Эта убежденность как идеологическая основа монгольской державы стала как бы составной частью личности Чингис-хана; он был одержим этой верой, и, судя по всему, вполне искренне. Чингис верил или, точнее, с какого-то неясного для нас момента поверил, что власть над всем миром, именно над всем миром, дарована ему Вечным Небом. Все, кто не принимал эту доктрину, считались «булга ирген» – «мятежниками». Они выступали против социального порядка, установленного высшими силами. Война против «мятежников» была не только морально оправданной, но и необходимой. Хан получал от Вечного Неба силу – «кючу» и защиту – «ихе-экдэ». Благодать императора называлась «су», отсюда прилагательное «суту», «сутай» – «счастливый».

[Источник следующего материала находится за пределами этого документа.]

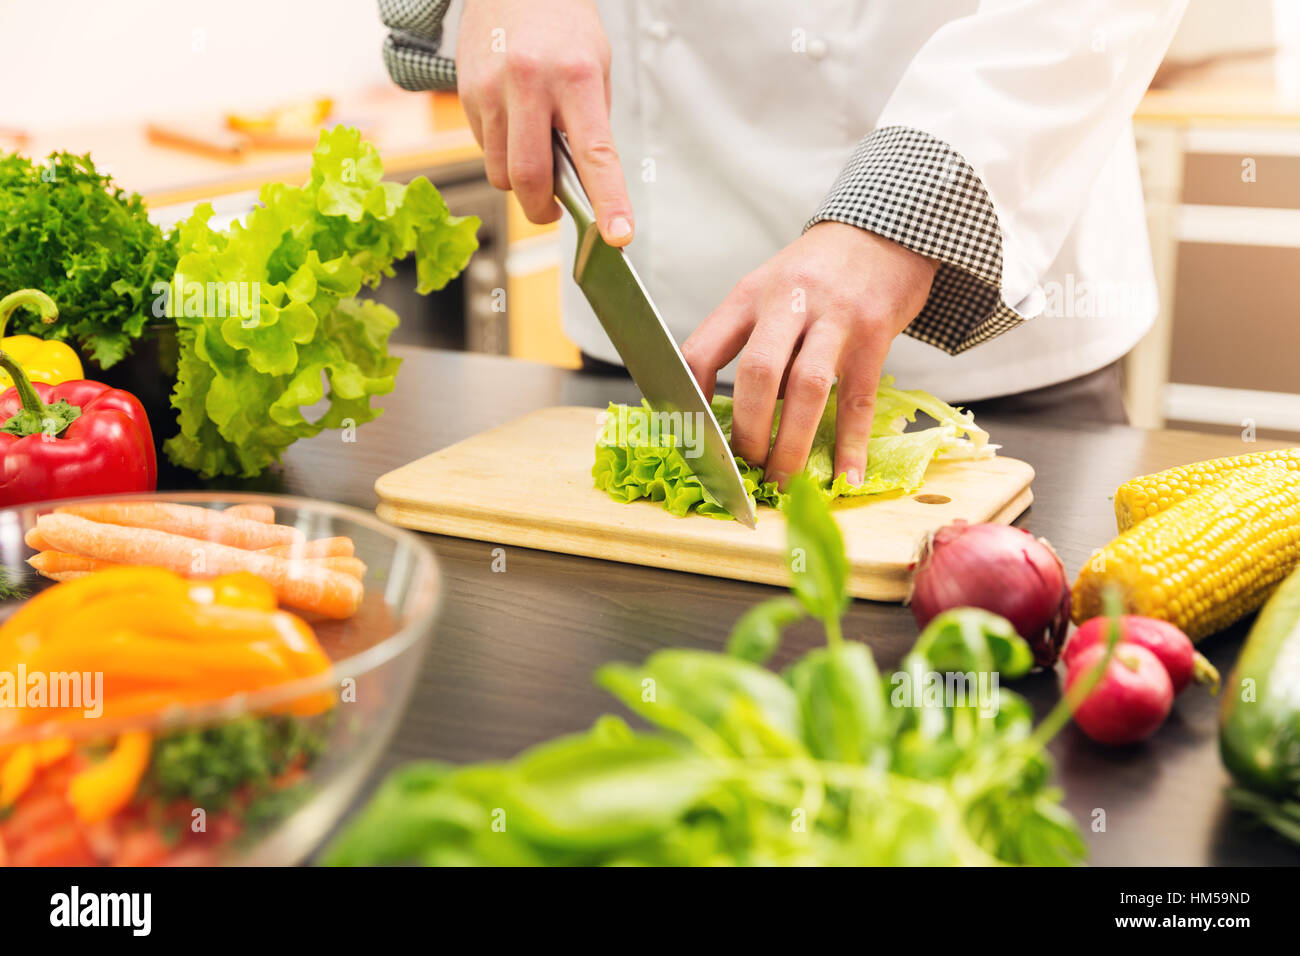 Une saine alimentation - vegetables lettuce in kitchen Banque D'Images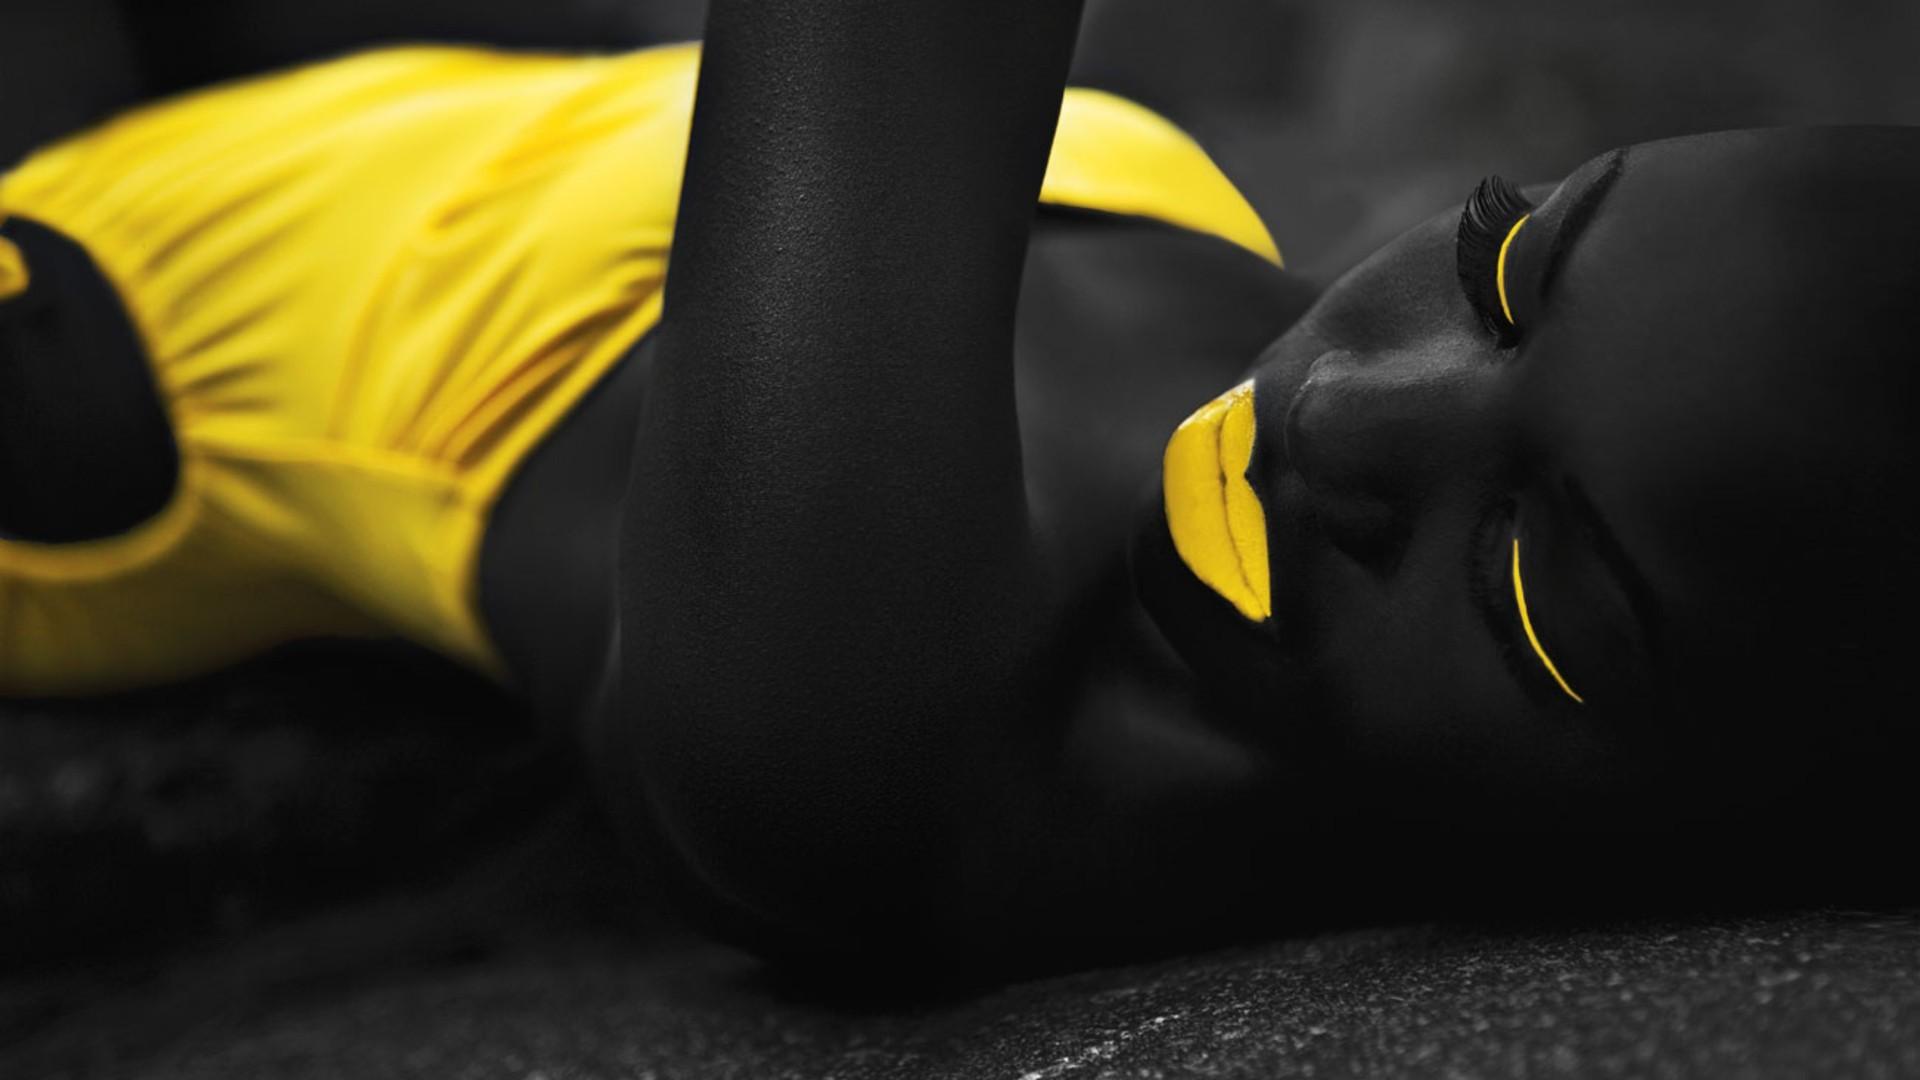 Yellow black girl photographer wallpaper

Многие исследователи не сомневаются в том, что идея ка-ганахана, избранного Небом или поставленного по воле Неба, испытала сильное влияние китайской концепции сына Неба. Чингис к концу жизни хорошо знал китайскую концепцию власти. Он, например, считал, что поражение Цзинь в войне с ним было предопределено Небом, покаравшим цзиньских государей за дурное поведение. Чан Чунь, объясняя свое учение Чингис-хану в 1222 г., говорил, что государи – это небесные существа, направленные Небом жить среди людей, и им предназначено вернуться на Небо. Елюй Чуцай, вручая в 1222 г. Чингис-хану составленный им календарь для монгольского государства, развивал идею о том, что только благодаря воле Неба Чингис-хан завоевал империю, столь великое дело не могло быть совершено силами обыкновенного человека. Почти все исследователи сходятся в том, что Чингис-хан уверовал в свое право завоевать Поднебесную, т. е. весь доступный и известный ему мир[53].
Его потомки и старались выполнить эту задачу. По мнению П. Рачневского, монгольская доктрина универсальной монархии отличалась от китайской тем, что целью китайской было подчинение покоренных китайской культуре, целью же монгольской – только завоевание. Можно согласиться с П. Рачневским и в том, что Чингис-хан не был врагом культуры вообще, его отличал сугубо практический подход к достижениям культуры. Он ценил письменность и ввел ее для нужд государства, так же как ремесло и продукты ремесла. Безжалостно уничтожалось лишь то, что в тот момент он и его окружение признавали для себя бесполезным. И многое в культуре народов было погублено безвозвратно.
Джувейни писал: «Всевышний отличил Чингис-хана умом и рассудком». Безусловно, Чингис-хан был не только кровавый завоеватель, но и выдающийся государственный деятель. Он создал монгольское государство, использовав традиционные для Центральной Азии формы и придав им определенный монгольский колорит. Он заимствовал все, что счел нужным, от соседей. Гонцы и правители с пайц-зой, ямская служба, строгое административное деление и прикрепление населения к месту работы и месту жительства – все это было введено при Чингис-хане. Яса гласила: «Никто да не уходит из своей тысячи, сотни или десятка, где он был сосчитан. Иначе да будет казнен он сам и начальник той (другой) части, который его принял» [О составе Великой Ясы, с. 54]. Гвардия и рекрутируемые из гвардии чиновники центрального аппарата управления великолепно справлялись со своими обязанностями. Возможно, никогда ни до ни после кочевые формы государственности не были так отточены, так совершенны, как в улусе Чингис-хана. Он если не создал лично, то освятил своим именем Ясу, которую Г.В. Вернадский, ее исследователь, считал «не кодифицированием норм обычного права», а «созданием новых норм права в соответствии с нуждами новой империи» [там же, с. 33].